We have totally 8 x 4GB DIMMs modules. The system is a dual Intel(R) Xeon(R) CPU X5670 @ 2.93GHz so the the 4GB modules are installed in slots: A1, A2, A4, A5 and B1, B2, B4, B5.


I have a doubt, the reseller send us:
- 7x Hynix modules (part number 18KSF51272PDZ1G4D1)
- 1x Samsung module (part number M393B5273CH0-YH9)

We have done the same upgrade on another system using 8x Hynix modules and we didn't have any problem.

What's look strange is that the message from lifecycle controller randomly changes reporting an hardware replacement for a different slot. Do you think that the different DIMM can cause this problem. I noticed that the DIMMs looks very similar (same number of chips, also the disposition of chips on the module is very similar).

Thanks again,
Davide

Moderator

 • 

6.2K Posts

September 12th, 2015 17:00

Hello

Recently I upgraded memory and since M1000e didn't show the updated informations I enabled CSIOR in legacy lifecycle controller configuration.

I'm not sure that I understand what exactly is going on. It sounds like you installed new memory and were having issues with it being properly detected so you enabled inventory collection. You then had issues with inventory collection properly reporting the memory. Is that the situation?

Is this validated memory? If you need assistance then please list the part or model numbers of the old and new DIMMs. Also, list how the DIMMs are populated.

Thanks

Moderator

 • 

6.2K Posts

September 12th, 2015 18:00

- 7x Hynix modules (part number 18KSF51272PDZ1G4D1)
- 1x Samsung module (part number M393B5273CH0-YH9)

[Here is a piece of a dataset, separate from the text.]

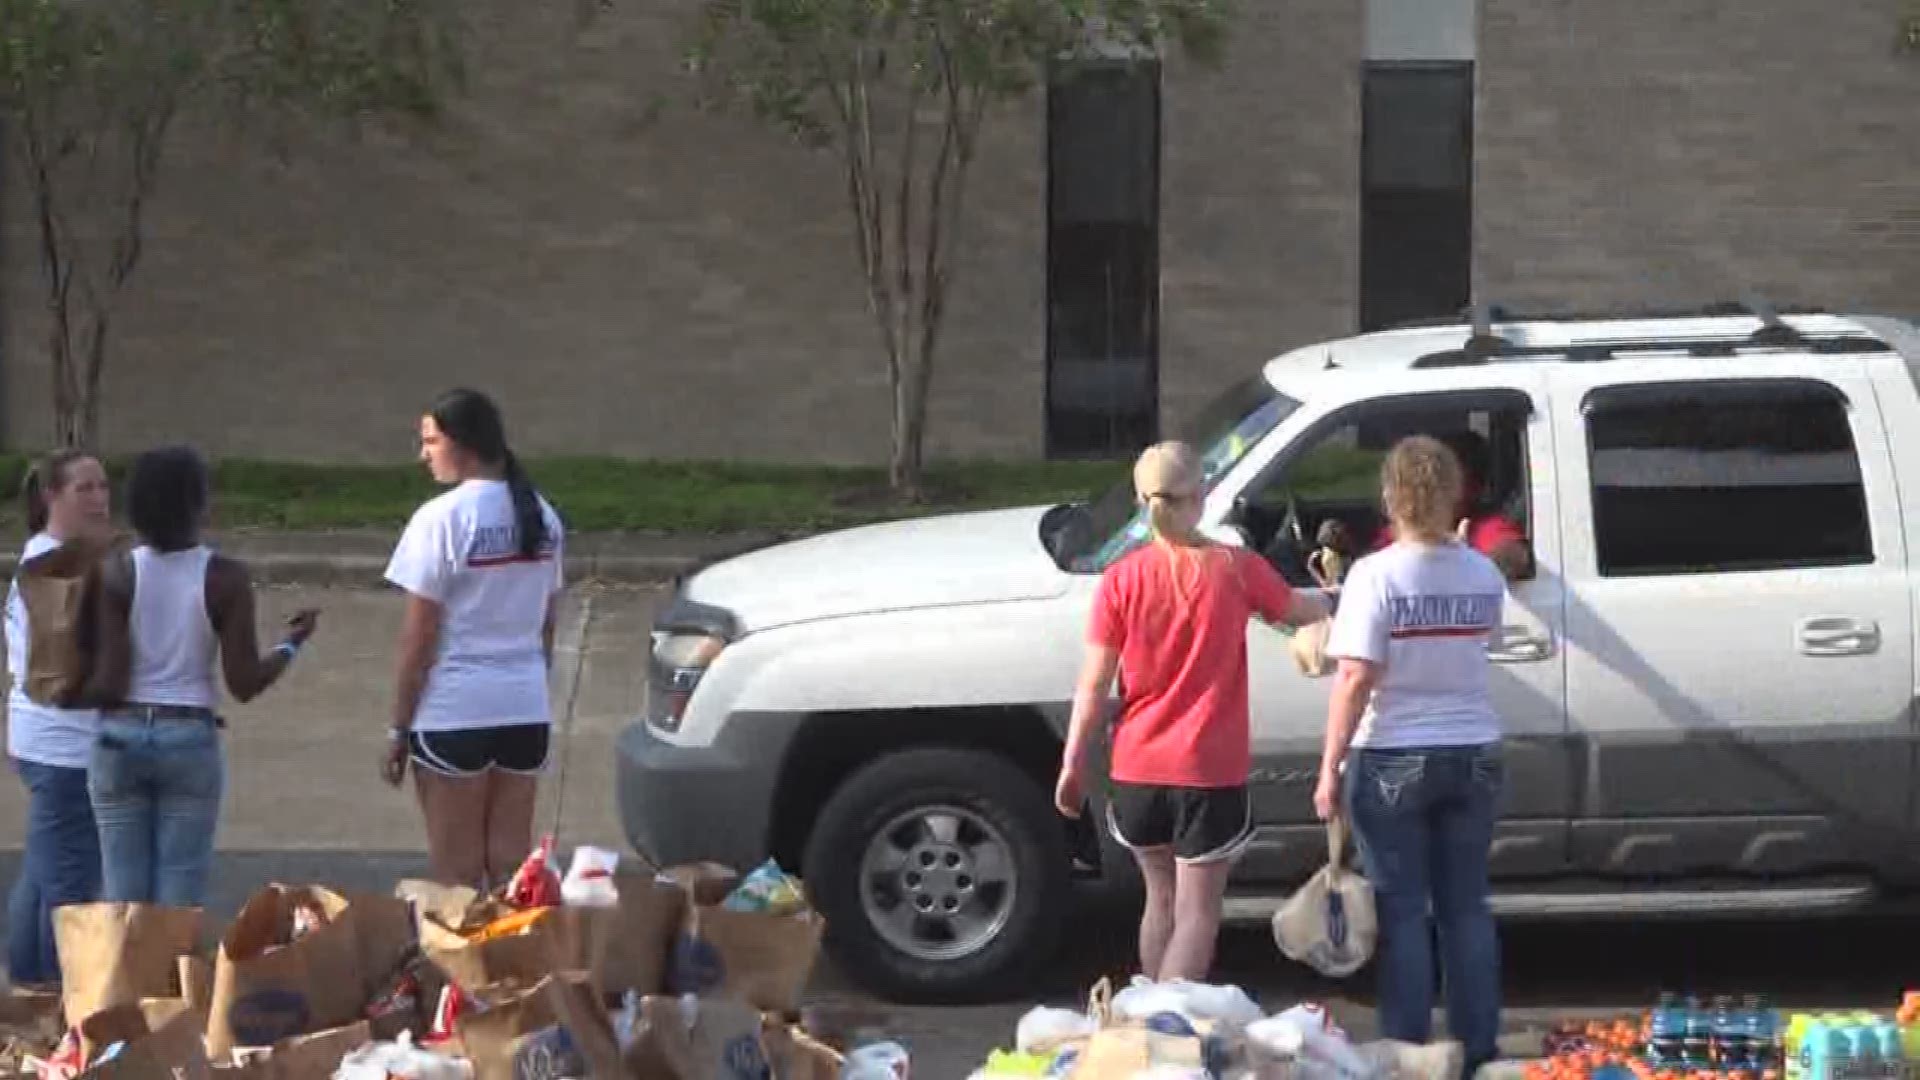 Cathedral Church in Beaumont collected water and supplies for Harvey victims in Southeast Texas

I was able to locate the Samsung. It is a validated DIMM. We sell it under part # 9J5WF:

4GB, 1333, dual rank, registered, low voltage

I can't find anything on the Hynix. Can you look for another number on that DIMM so I can look at specs for it? Hynix part numbers usually start with HMTxxxxxxxxxx-xx

Thanks

16 Posts

September 12th, 2015 20:00

Hello Daniel,
I'm sorry, I made a mistake, it isn't Hynix. The memory reported by CMC with part number 18KSF51272PDZ1G4D1 is manufactured by Micron. Unfortunately, I didn't find the specifications about this specific DIMM on internet. Monday I will go to our server farm so I can check physically if I can get any other number on the Micron DIMMs and I will update this thread.
Meanwhile, could you check if in the memory compatibility matrix of M610 there is some Micron DIMM?

Kind regards,
Davide

Moderator

 • 

6.2K Posts

September 13th, 2015 10:00

The memory reported by CMC with part number 18KSF51272PDZ1G4D1 is manufactured by Micron

I found it: MT18KSF51272PDZ-1G4D1

It is a validated DIMM with the same specs as your other DIMM. We sell it under the same part number as the Samsung DIMM, so they will function together.

The DIMMs are populated in the correct slots for independent channel mode. Check the system BIOS to make sure it is in independent channel mode. If it is in advanced ECC or any other mode then the DIMMs will need to be moved.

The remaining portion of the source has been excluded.